The developers put out a report on Tuesday with details on the vulnerability, labeling it as “critical.”
“In the worst case, submitting a certain malformed transaction (coming from a 0xfff...fff address) to a mining Parity Ethereum node could have caused that node to produce a malformed block, which would still be treated as valid by other affected Parity Ethereum nodes,” Parity said.
All in all, this wouldn’t necessarily hurt the Ethereum network, but would likely cause confusion among nodes, eventually discarding the transaction as invalid. However, if these mining nodes controlled more than half the hashrate of the network, they would have validated the transaction.

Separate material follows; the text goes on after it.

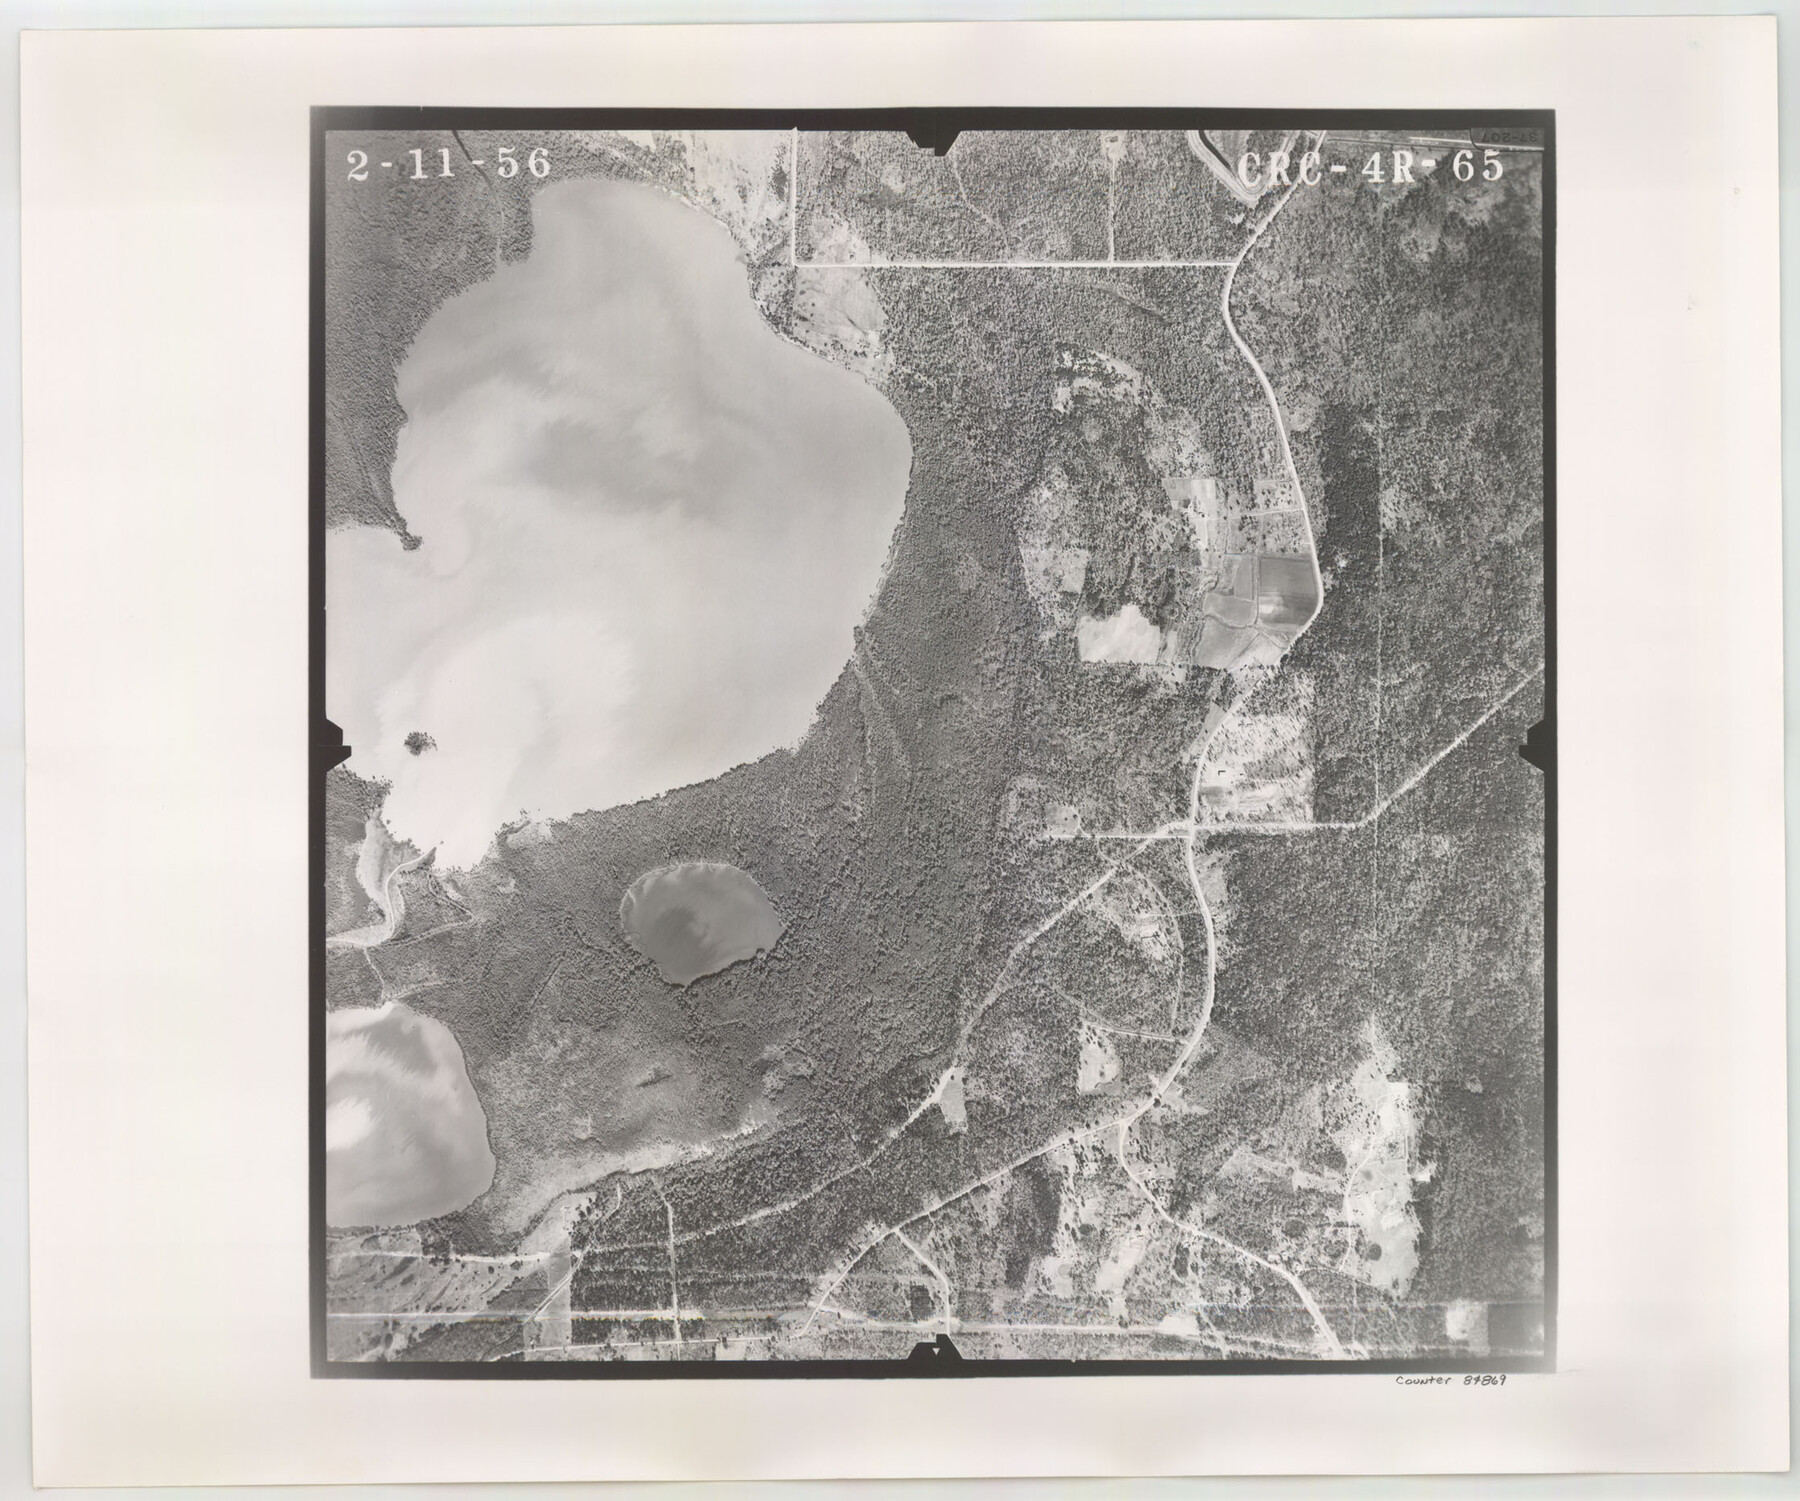 84869, Flight Mission No. CRC-4R, Frame 65, Chambers County, General Map Collection

Users of Parity are urged to download either the 1.10.6-stable or 1.11.3-beta versions of the software as soon as possible. Any older software will be affected by this bug.
Now that people are aware that the vulnerability exists, it’s important to ensure that a good portion of the network runs the new software to avoid any large-scale issues with consensus.
Parity claims that “the response to this situation was proactive” since no hackers as of yet have tried to exploit this problem.
With regards to the frozen ETH that’s still floating around after the previous incident, the developer said that it would take a hard fork of the Ethereum network to free up those funds.
“All of these funds are provably non-recoverable without a change in the blockchain’s state, opcode upgrades, or consensus rules modification,” the team said in a blog.